ADSL (Analysis Data Subject-Level) dataset is the foundation dataset in ADaM.
It:
Contains one record per subject
Includes required subject-level variables (demographic, disposition, baseline values, key date, etc..) as well as other subject-level analysis variables
Defines analysis populations (Safety, Intention-To-Treat, Per-Protocol)
Provides treatment information (planned and actual treatment) and study periods variables
Links to all other ADaM datasets through USUBJID (unique subject identifier)
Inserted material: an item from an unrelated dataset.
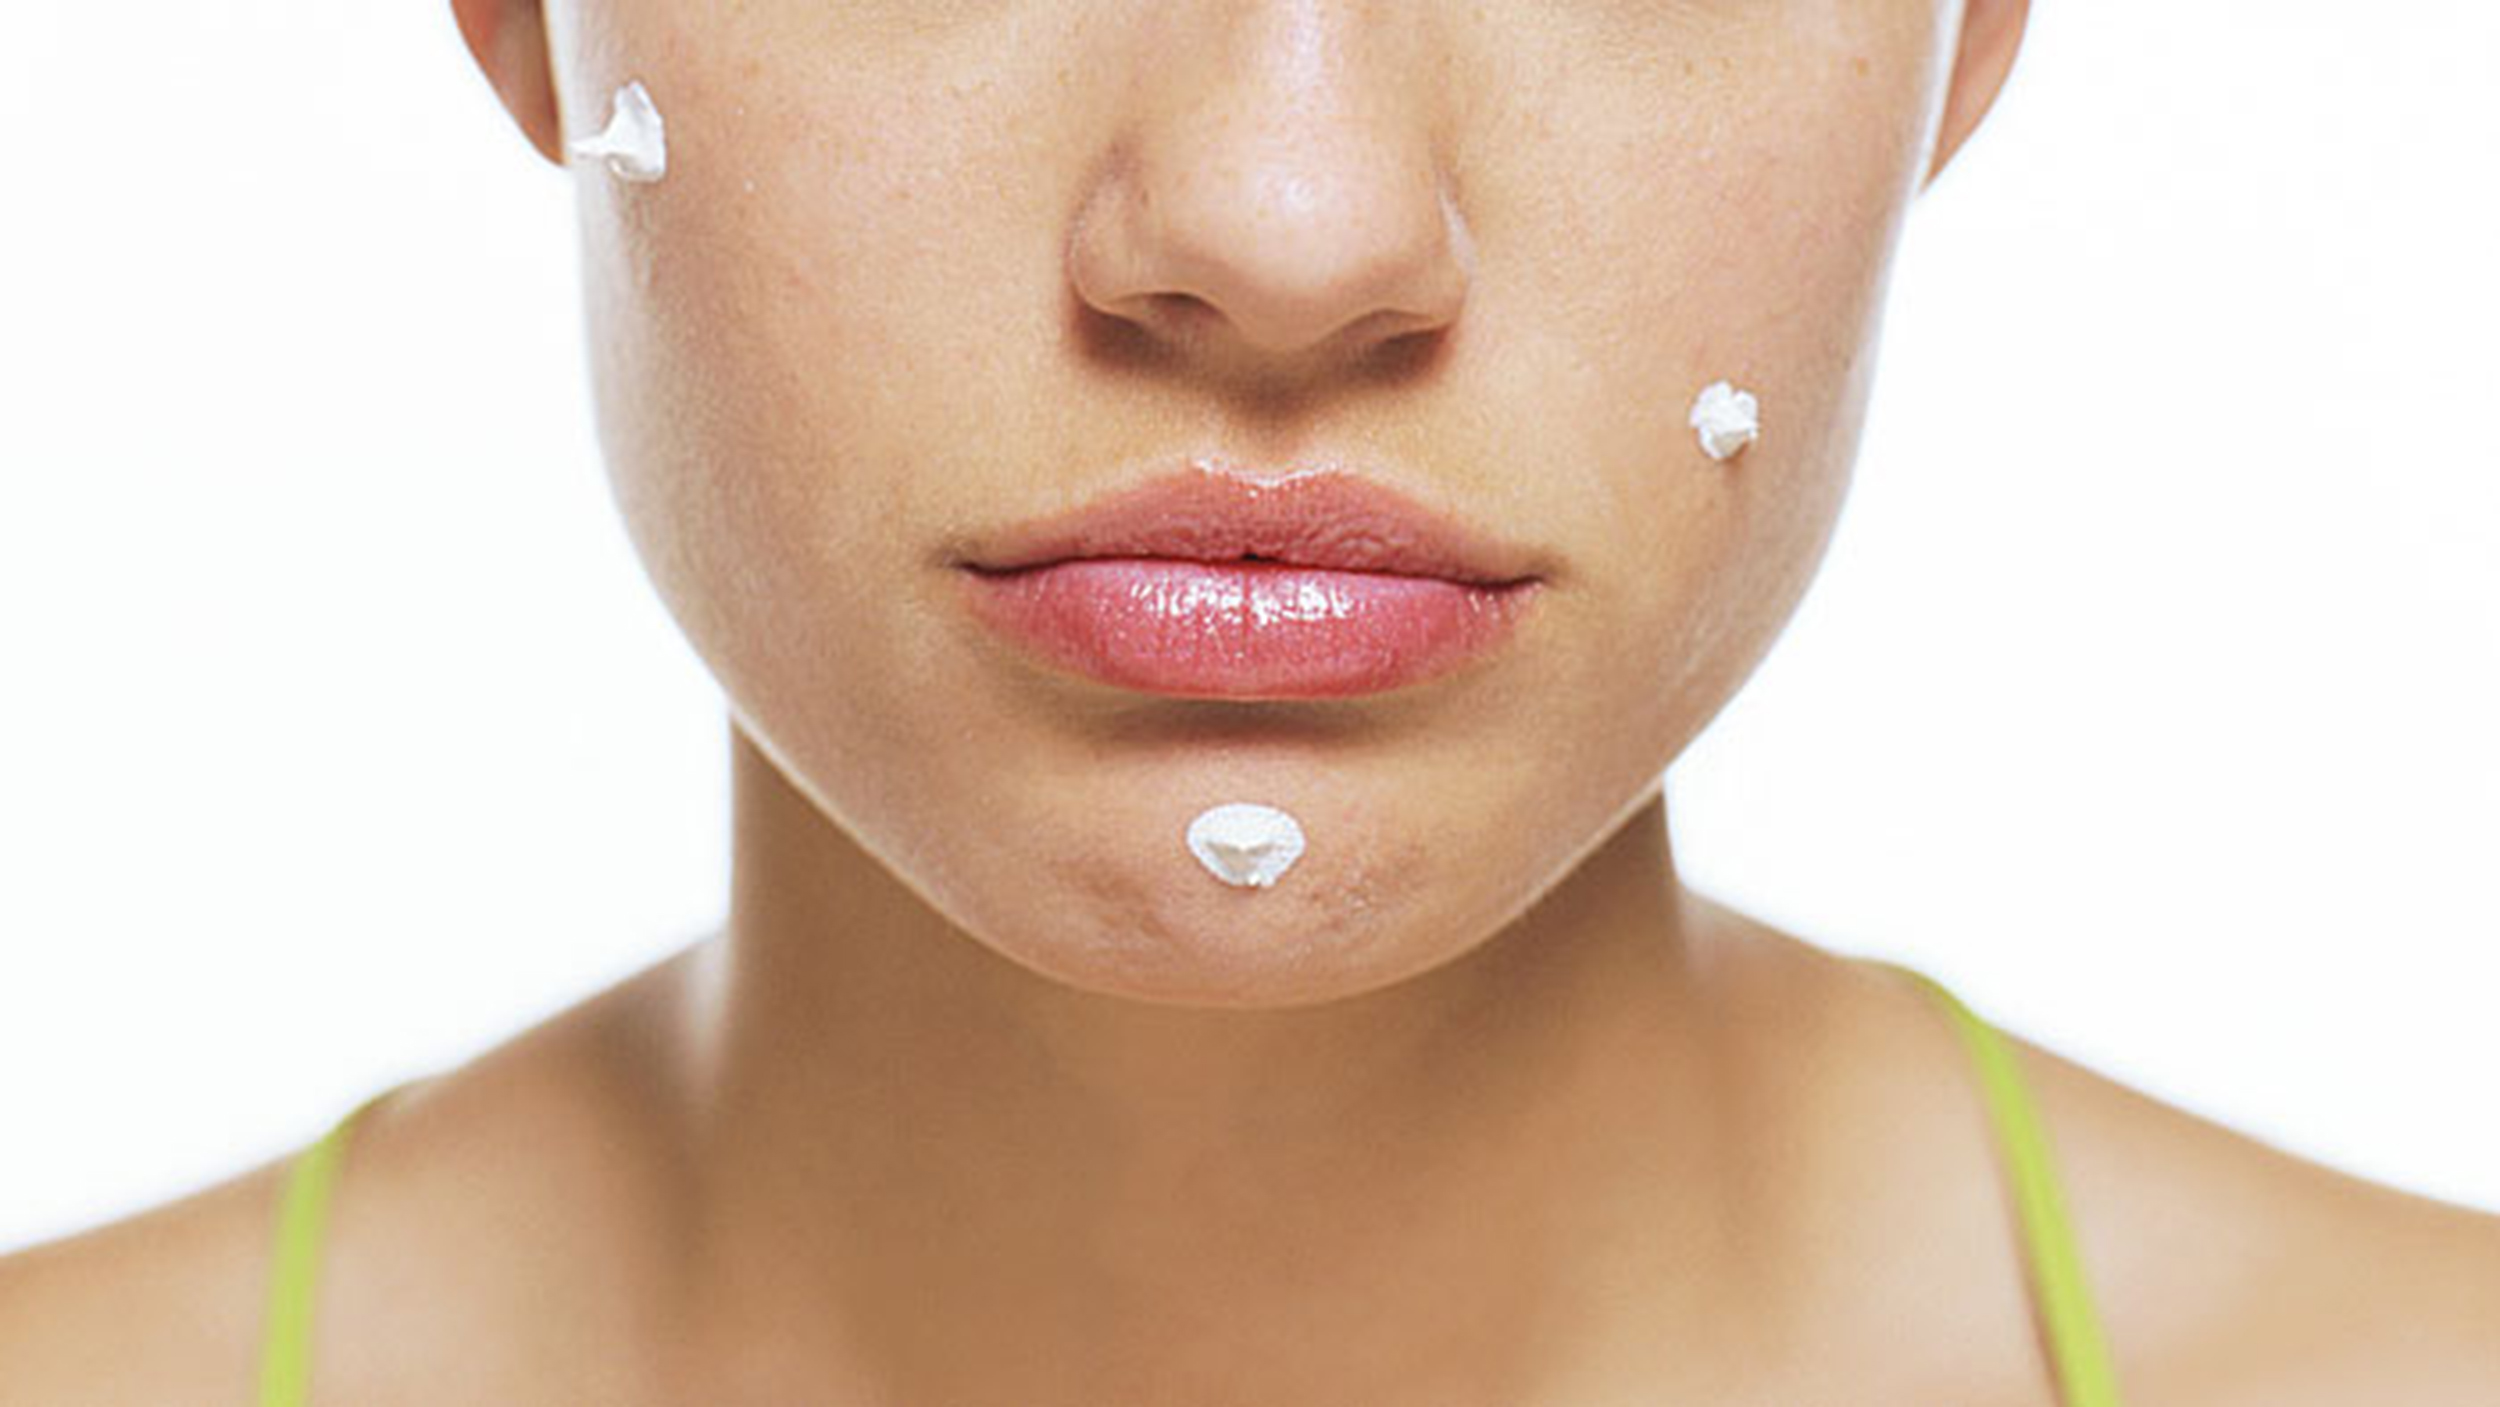 adult-acne-cures-stock-today-160212-tease_7997ee0de96317bd29183ae2f62c9ff8.jpg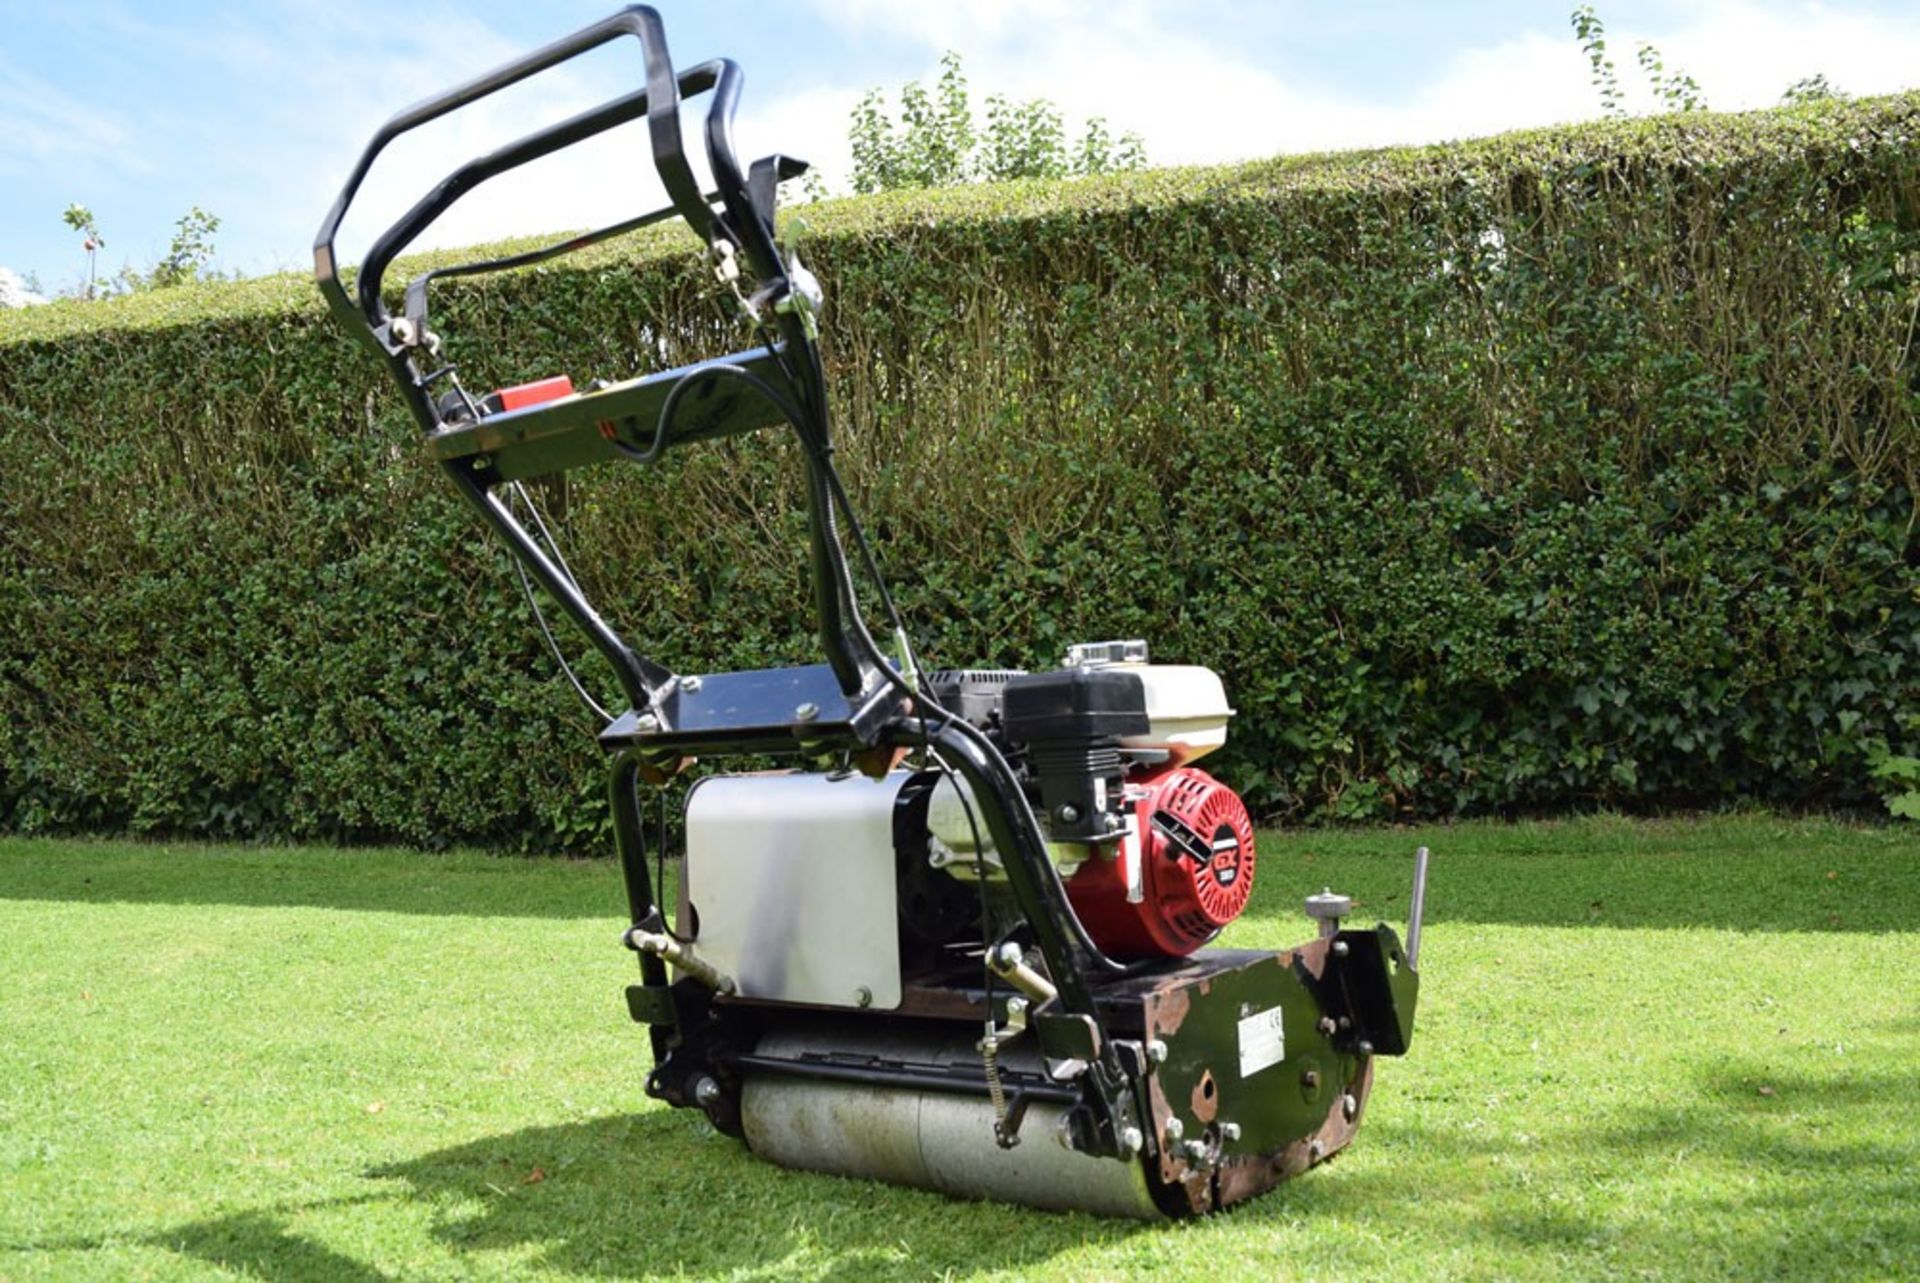 2012 Allett Shaver 20, 10 Blade Cylinder Mower With Grass Box - Image 5 of 8

Ensures consistency and traceability across all statistical analyses and reporting
Regulatory Importance
FDA Requirement: Essential for regulatory submissions
Analysis Foundation: Referenced by all Basic Data Structure (BSD) and occurrence Data Structure (OCCDS) datasets
Population Definition: Critical for primary endpoint analyses
Traceability: Links analysis results back to SDTM source
Project Overview
Objective
Create a fully compliant ADSL dataset from multiple SDTM domains, implementing analysis populations, treatment variables, and derived endpoints following ADaM Implementation Guide principles.
Key Benefits
ADSL Dataset: Subject-level analysis file with proper ADaM structure
Population Flags: SAFFL, ITTFL, COMPLFL, MITT1FL definitions
Treatment Variables: Planned and actual treatment assignments
Timing Variables: Study milestones and treatment periods
Validation Reports: QC checks ensuring data integrity
Technical Approach
Multi-domain integration workflow:
SDTM (DM+DS+EX+AE) → Business Logic → Population Flags → Treatment Periods → ADSL
Data Integration Strategy
SDTM Source Domains
Domain | Purpose | Key Variables |
---|---|---|
DM | Demographics & baseline | USUBJID, AGE, SEX, RACE, ARM |
DS | Disposition events | DSSTDTC, DSTERM, DSDECOD |
EX | Exposure/treatment | EXSTDTC, EXENDTC, EXDOSE |
AE | Adverse events | AESTDTC, AETERM, AESEV |
VS | Vital signs (if needed) | VSSTDTC, VSTEST, VSORRES |
ADaM Variables to Derive
Variable Class | Examples | Source Logic |
---|---|---|
Required ADaM | STUDYID, USUBJID, SUBJID | Direct from DM |
Population Flags | SAFFL, ITTFL, COMPLFL | Business rules from DS/EX |
Treatment | TRT01P, TRT01A, TRT01PN | From DM.ARM + actual exposure |
Timing | TRTSDT, TRTEDT, LSTALVDT | From EX + DS disposition |
Demographics | AGE, AGEGR1, SEX, RACE | Enhanced from DM |
Technical Implementation
1. Library Setup
/* Library and macro setup */
%include "/home/u64197545/ADaM/programs/setup.sas";
/* Expected libraries:
- SDTM: Source SDTM datasets
- ADAM: Output ADaM datasets
- LIBRARY: Formats and macros
*/
libname sdtm "/home/u64197545/data/sdtm";
libname adam "/home/u64197545/data/adam";
libname library "/home/u64197545/data/library";
/* Load standard ADaM formats */
%include library(adamfmt);
2. Population Definition Logic
/* Define analysis populations based on business rules */
%macro define_populations();
/* Safety Population: Any exposure to study drug */
proc sql;
create table safety_pop as
select distinct usubjid, 'Y' as saffl
from sdtm.ex
where exdose > 0 and exstdtc ne '';
quit;
/* ITT Population: Randomized subjects */
proc sql;
create table itt_pop as
select distinct usubjid, 'Y' as ittfl
from sdtm.dm
where arm ne '' and upcase(arm) not in ('SCREEN FAILURE', 'NOT TREATED');
quit;
/* Completed Population: Finished study per protocol */
proc sql;
create table completed_pop as
select distinct usubjid, 'Y' as complfl
from sdtm.ds
where upcase(dsdecod) in ('COMPLETED', 'STUDY COMPLETED')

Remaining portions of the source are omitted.